Onboarding: microsoft/markitdown

Item: microsoft/markitdown
Rating: 3
Author: RepoPilot

Generated by RepoPilot · 2026-05-05 · Source

Verdict

WAIT — Single-maintainer risk — review before adopting

Last commit 2w ago
5 active contributors
MIT licensed
CI configured
Tests present
⚠ Small team — 5 top contributors
⚠ Single-maintainer risk — top contributor 84% of commits

<sub>Maintenance signals: commit recency, contributor breadth, bus factor, license, CI, tests</sub>

TL;DR

MarkItDown is a lightweight Python library and CLI tool that converts a wide variety of file formats (PDF, DOCX, PPTX, XLSX, images, audio, HTML, CSV, JSON, XML, EPUB, ZIP, YouTube URLs) into Markdown text, preserving document structure (headings, tables, lists, links) for downstream consumption by LLMs and text analysis pipelines.
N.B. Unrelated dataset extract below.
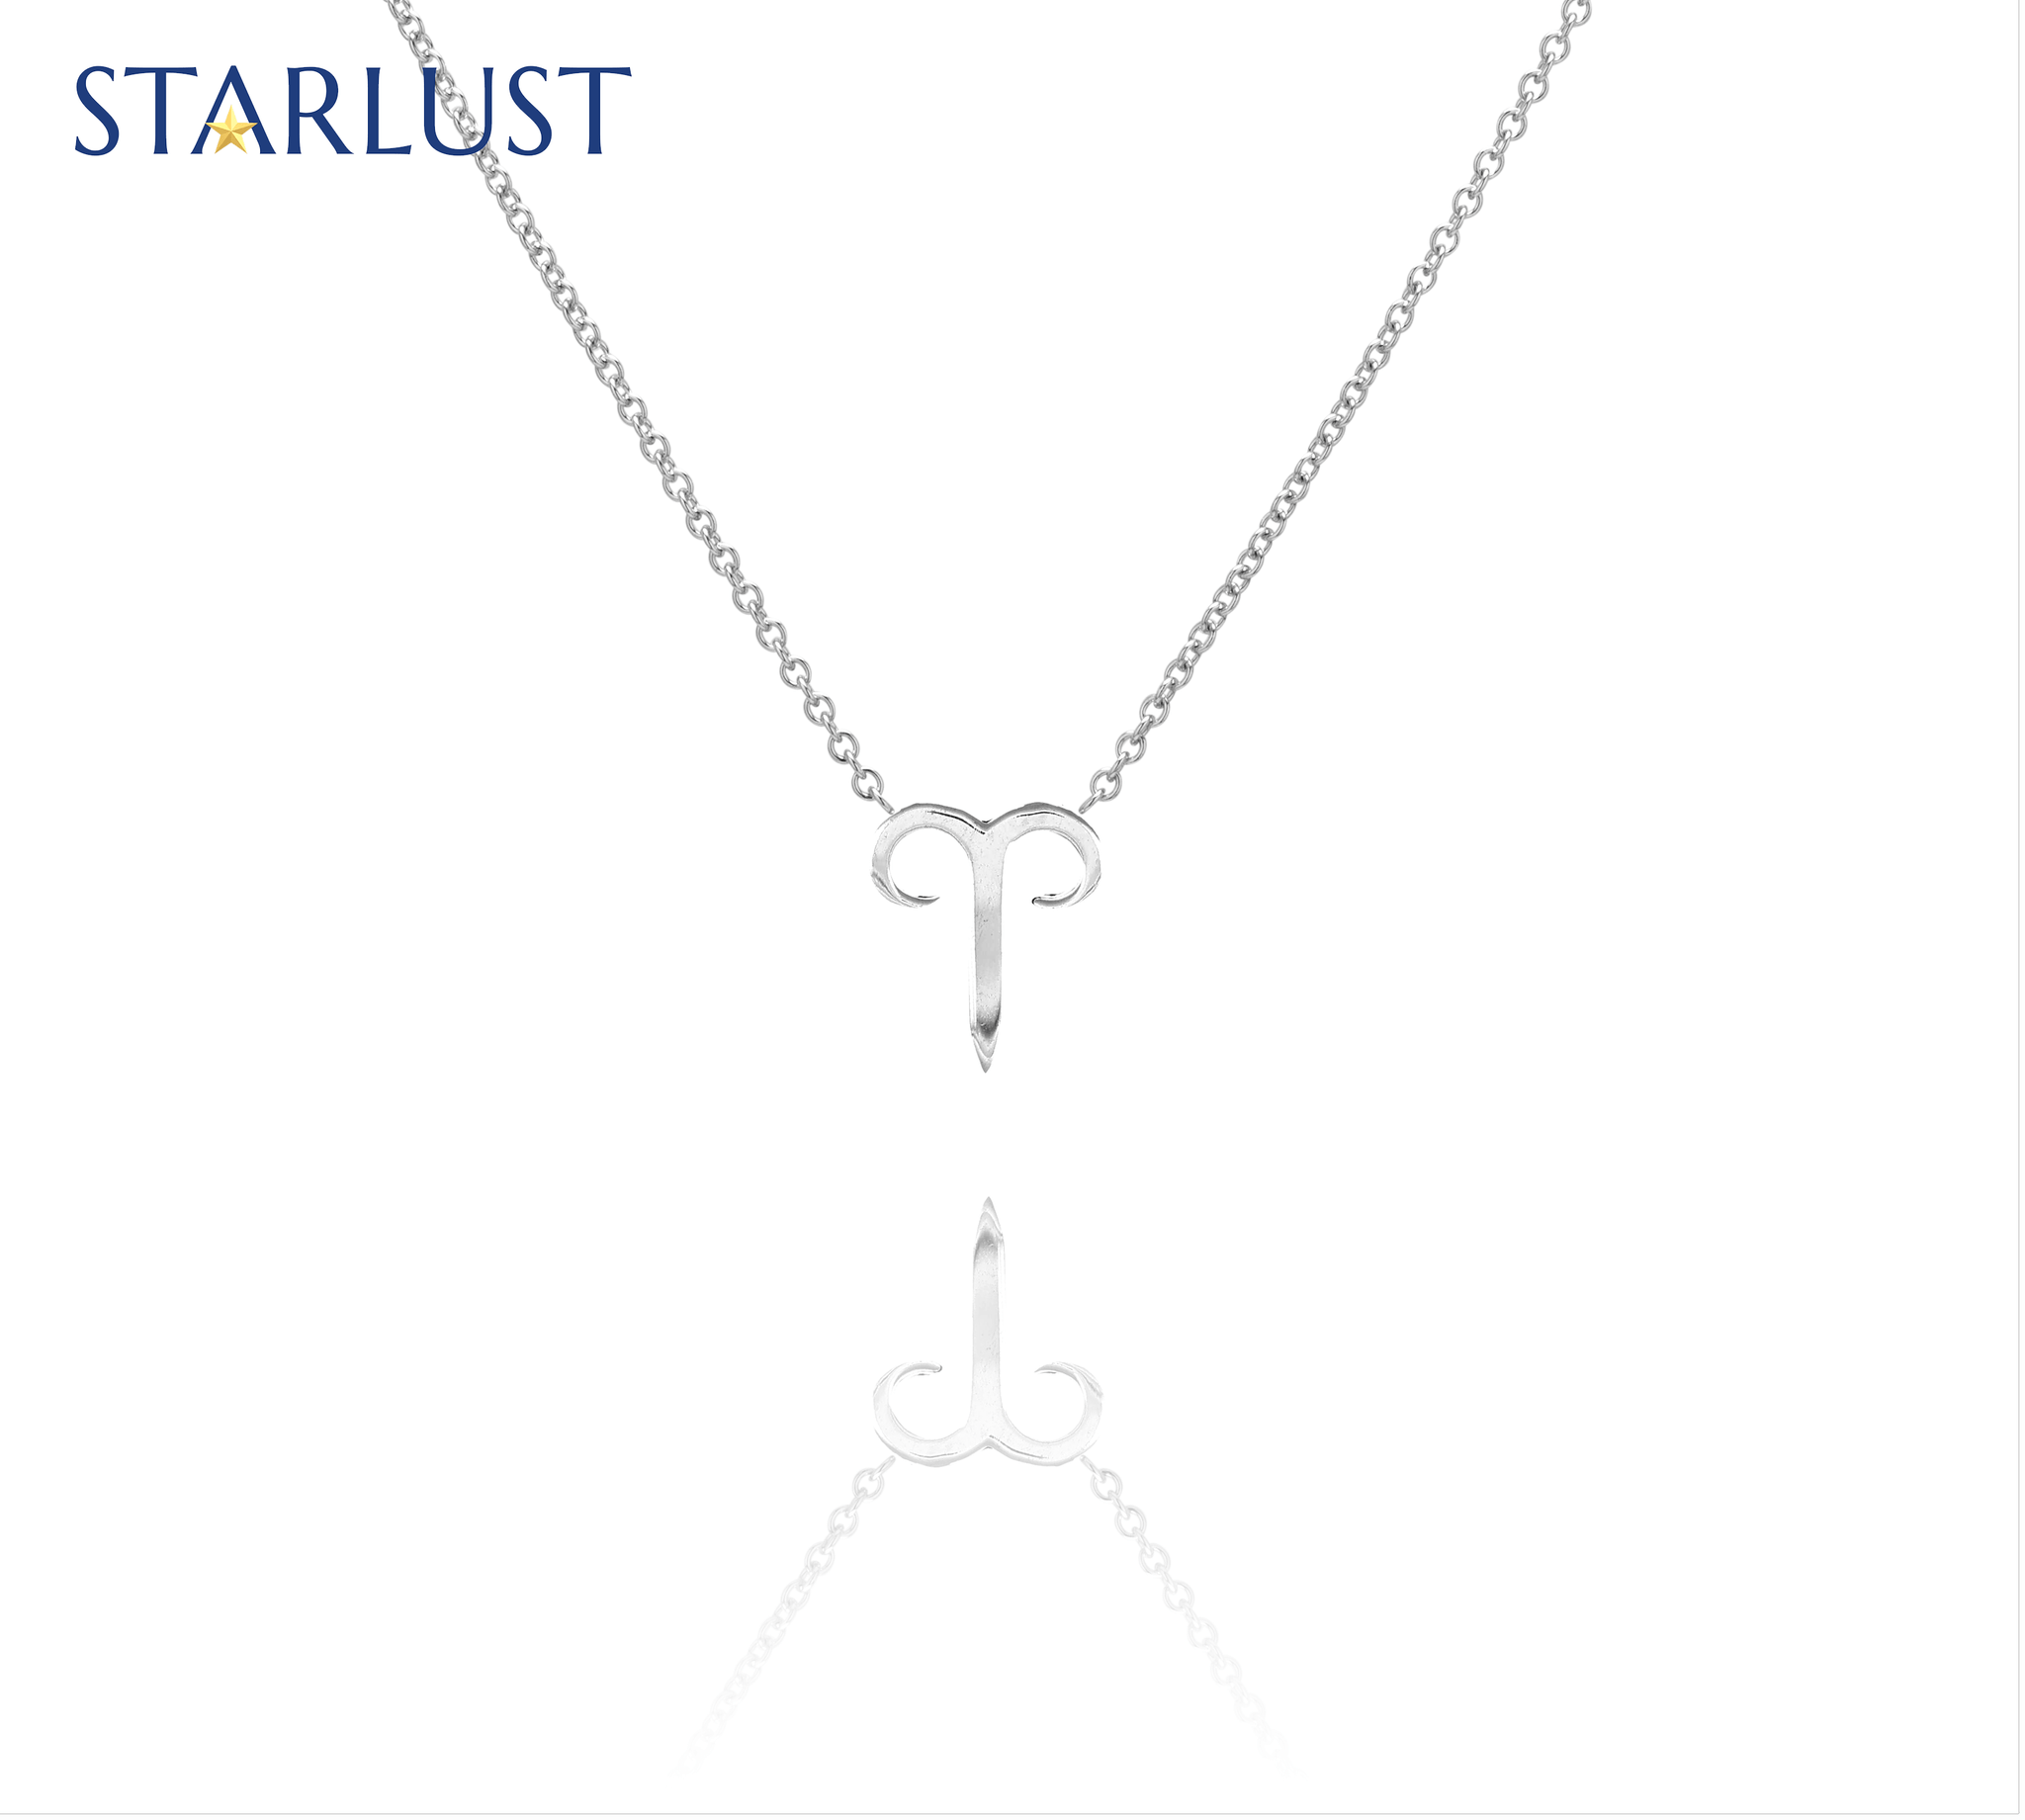 Aries Necklace Sterling Silver Starlust

It is specifically optimized for token-efficient LLM ingestion rather than high-fidelity human-readable rendering. The repo is a monorepo containing the core markitdown package plus two optional plugin packages: markitdown-mcp (Model Context Protocol server) and markitdown-ocr (OCR-enhanced conversion via image recognition). Monorepo structured under packages/: the core engine lives in packages/markitdown/src/markitdown/ (not shown in top-60 but implied), packages/markitdown-mcp/src/markitdown_mcp/ wraps it as an MCP server, and packages/markitdown-ocr/src/markitdown_ocr/ provides per-format OCR converters (_pdf_converter_with_ocr.py, _docx_converter_with_ocr.py, _pptx_converter_with_ocr.py, _xlsx_converter_with_ocr.py) registered via a plugin entry point in _plugin.py.

Who it's for

AI/ML engineers and LLM application developers who need to ingest arbitrary office documents or web content into LLM context windows without writing custom parsers for each format. Also useful for data pipeline engineers building RAG (Retrieval-Augmented Generation) systems that need structured text extraction from binary file formats like DOCX, PPTX, and PDF.

Maturity & risk

The repo has a full CI setup via GitHub Actions (.github/workflows/tests.yml and pre-commit.yml), pre-commit hooks (.pre-commit-config.yaml), a Dockerfile for containerized deployment, a devcontainer config, and formal security/support/CoC documentation — all indicators of a well-maintained OSS project. Given Microsoft/AutoGen team ownership, PyPI publication, and the breadth of supported formats, this is production-ready for document ingestion use cases, though the OCR and MCP sub-packages appear newer and more experimental.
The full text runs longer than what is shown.